In the past few years another sphere of photography has begun to be developed, most particularly in North America. This involves the use of photography in counselling and therapy.4 There is now a thriving community of therapists there, using photography in a variety of ways, who have regular conferences and symposiums, and publish the Photo Therapy Journal.5 In some respects their body of work can be seen to be in alignment, in this country, with that of the growing discipline of art therapy though this has not, as yet, given any significant attention to the uses of photography within training courses.
A recently published book Art as Healing6 is a useful guide to one aspect of art therapy and deals with the artworks of hospital and psychiatric patients.

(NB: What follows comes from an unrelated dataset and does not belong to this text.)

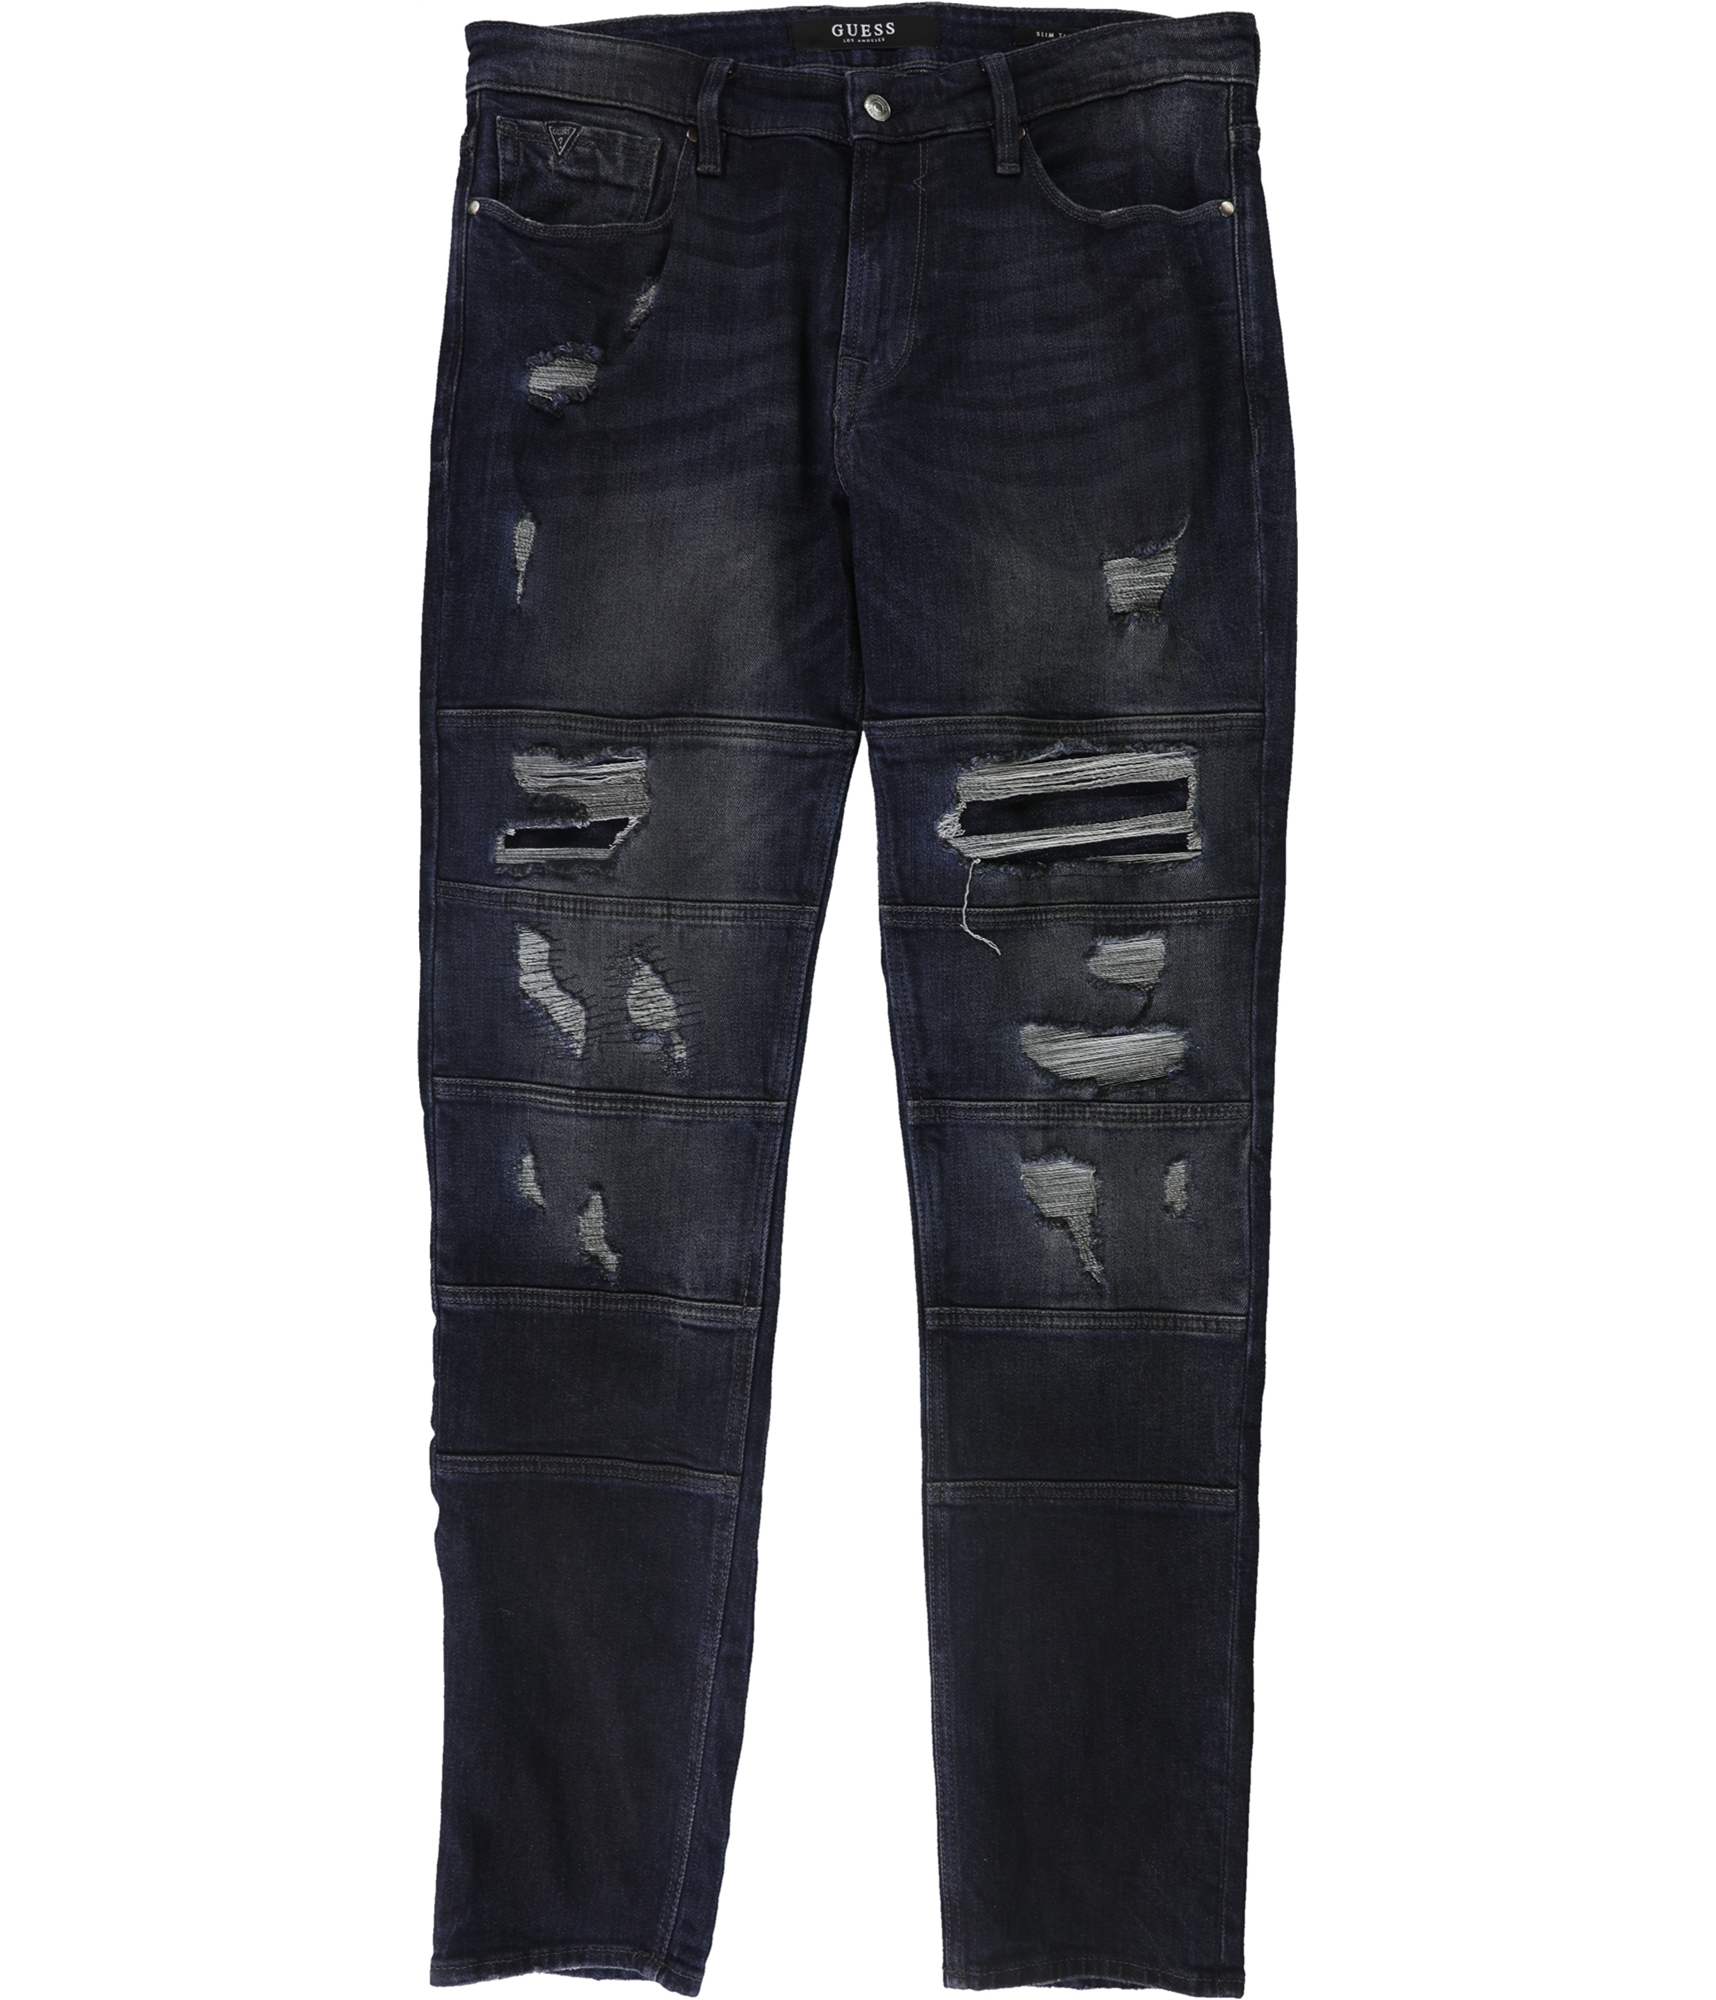 Guess MID RISE SLIM - Slim fit jeans - schwarz/black - Zalando.de

Much of the imagery contained therein deals with power and powerlessness. Such work is clearly operating within the twin discourses of art and ‘mental health’ (the book won the Book of the Year Award of the National Mental Health Association), so perhaps here we have a clue as to why British cultural journals have largely chosen to ignore this sphere of activity, in spite of ‘readers being present in their texts’ at every stage of the production of meaning processes. In the British photographic press, for example, there has been no interest in these developments or in their potential usefulness to us in debates about the importance of visual representation. I wonder why.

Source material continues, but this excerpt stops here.